→ **Task objective**
Return all of the data exactly, omitting any images.

→ **Data shown**
-=-=-
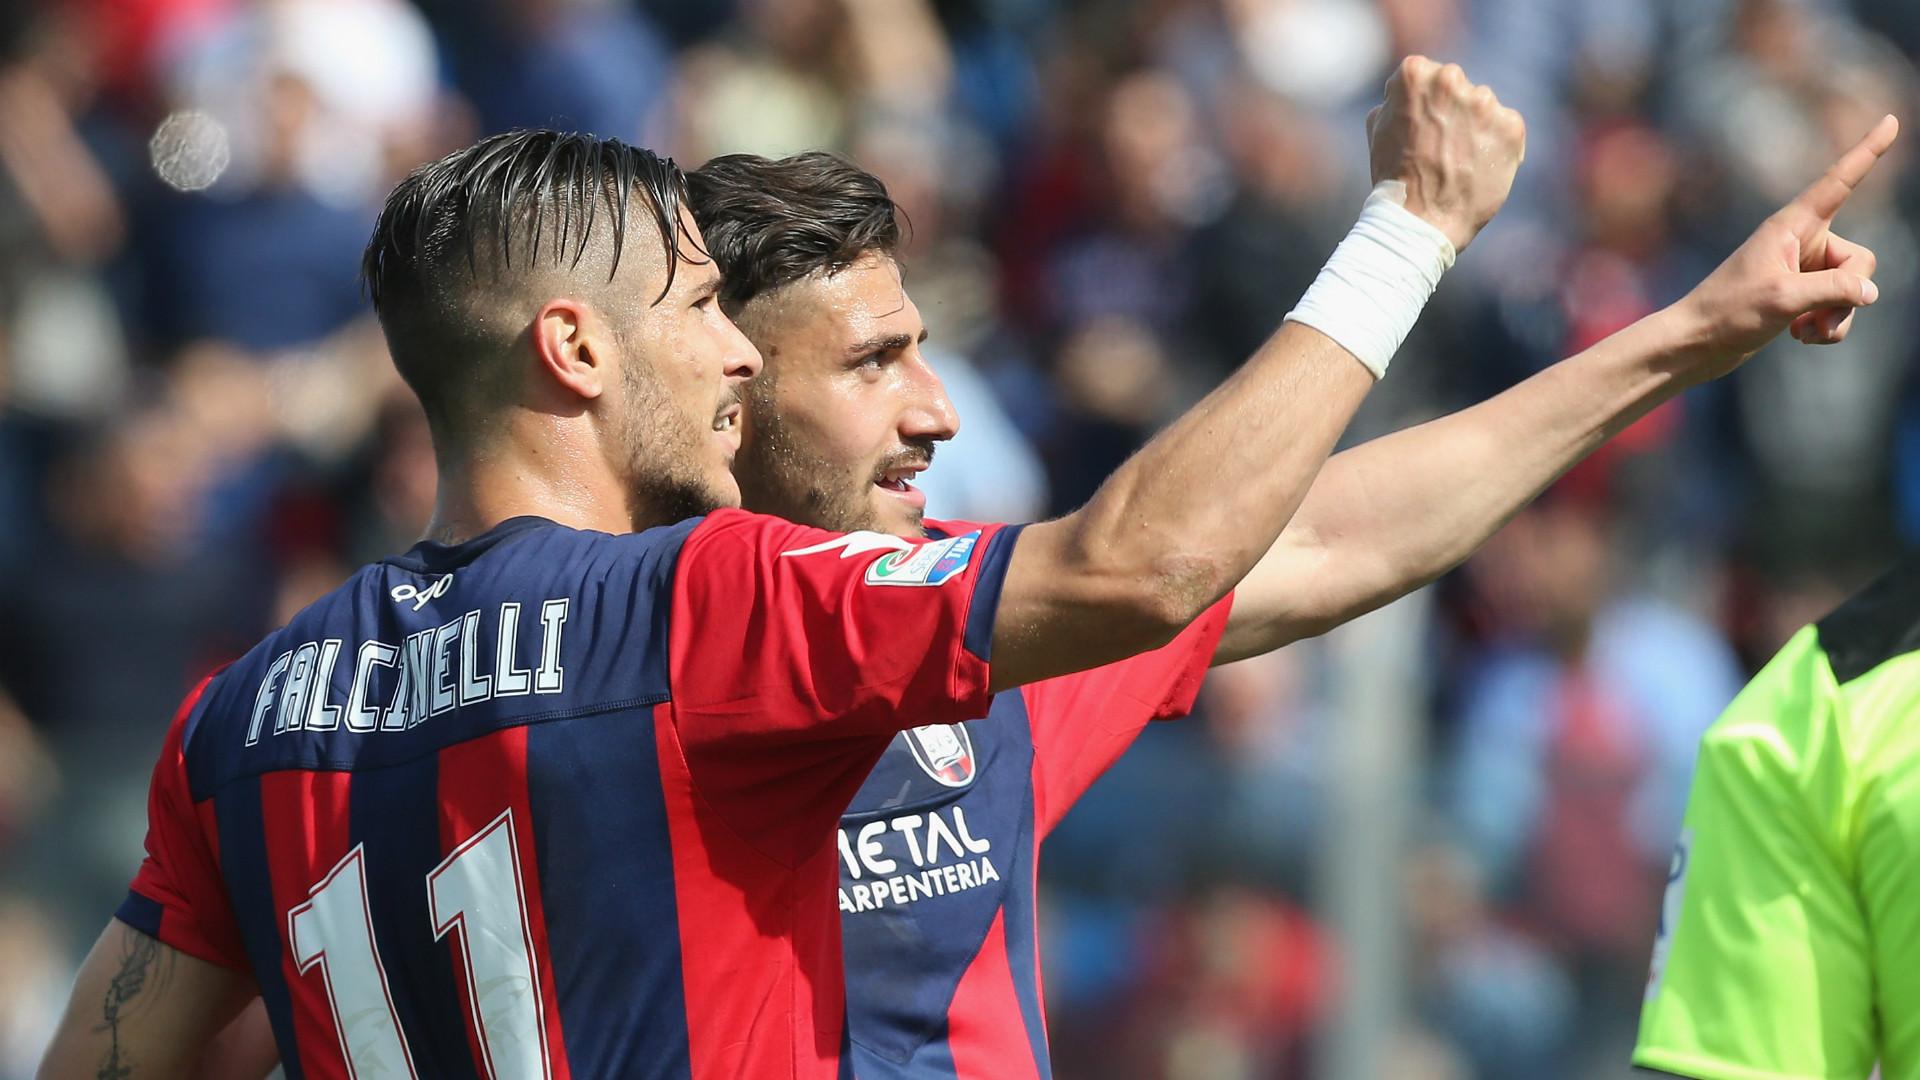 Diego Falcinelli Marcello Trotta Crotone Serie A 2017/04/09
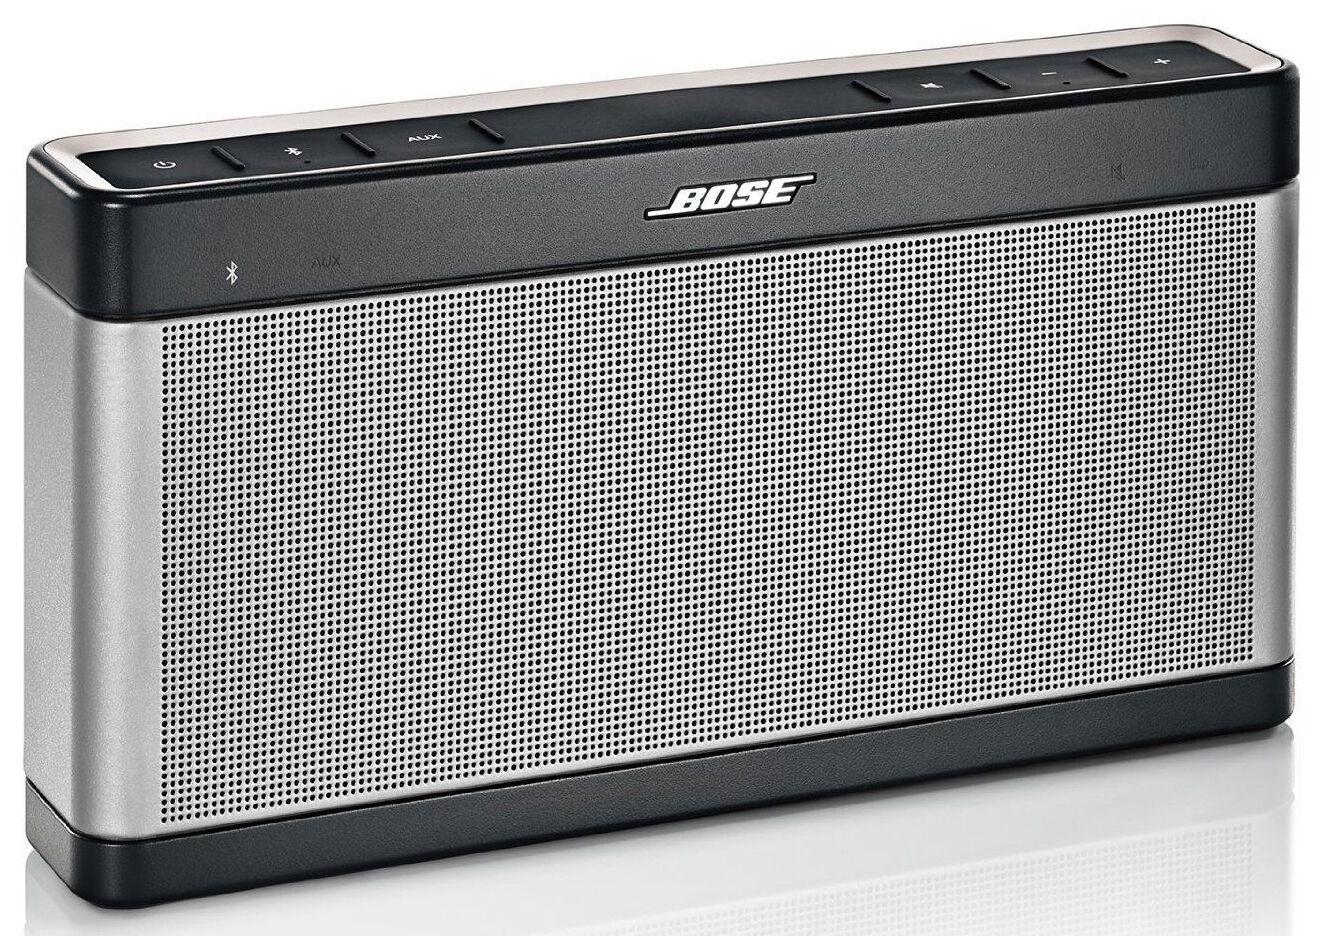 Used Bose Speakers Ebay Top 10
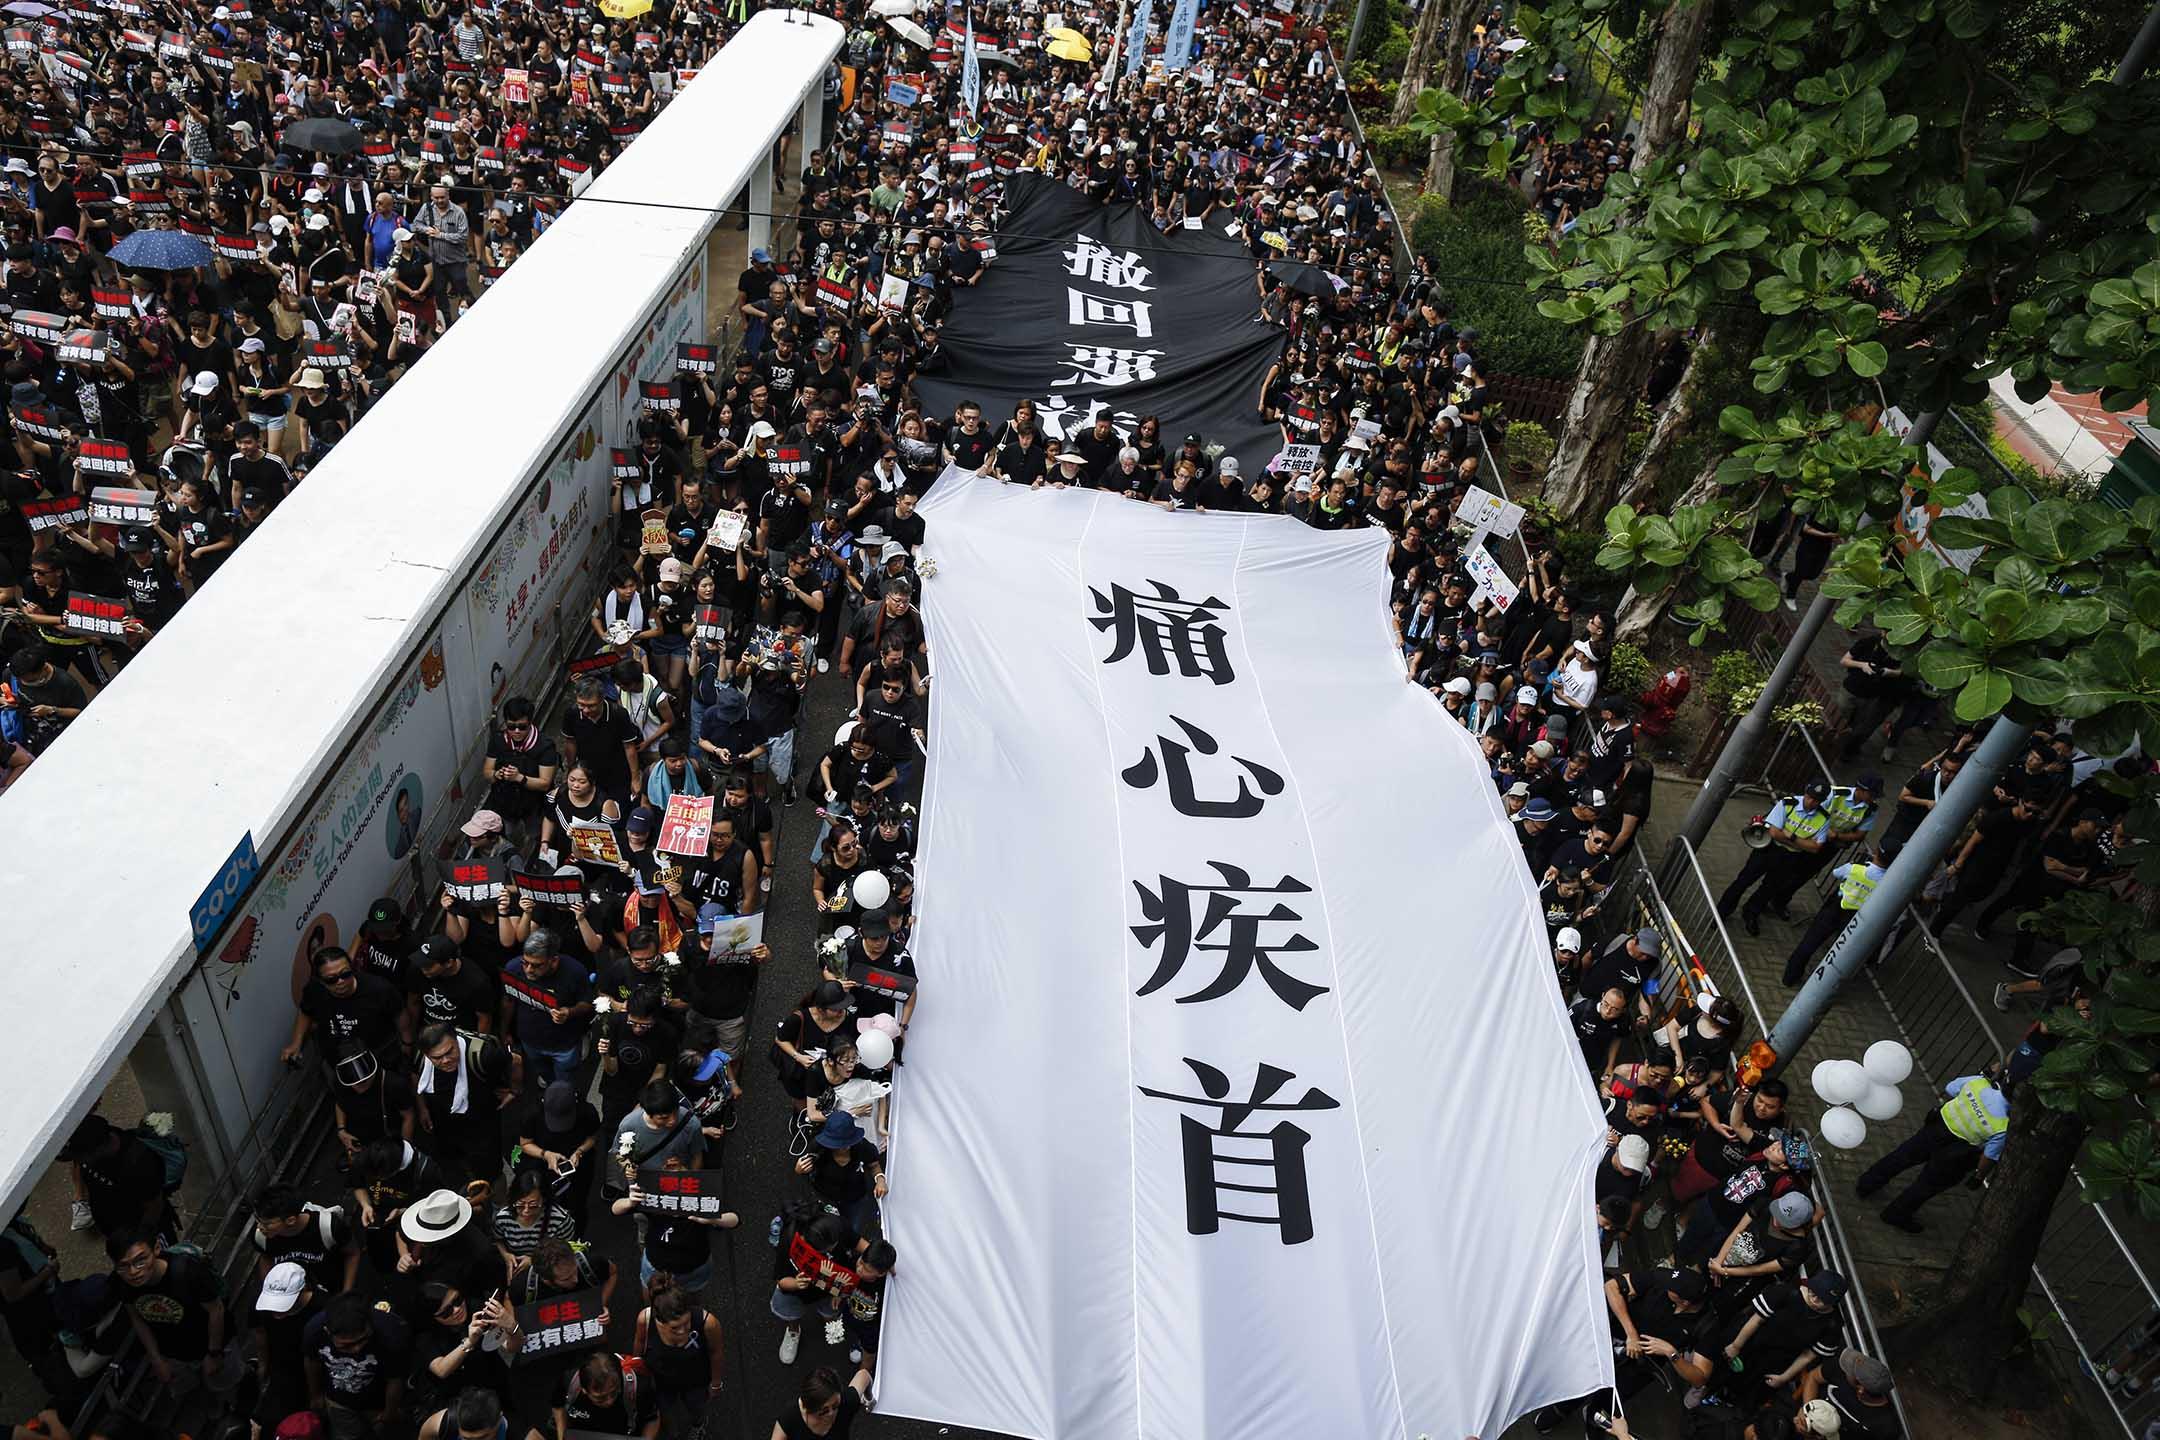 2019年6月16日,香港民陣發起第四次反對《逃犯條例》修訂大遊行 。
-=-=-
→ **Exercise result**
 Diego Falcinelli Marcello Trotta Crotone Serie A 2017/04/09
 Used Bose Speakers Ebay Top 10
 2019年6月16日,香港民陣發起第四次反對《逃犯條例》修訂大遊行 。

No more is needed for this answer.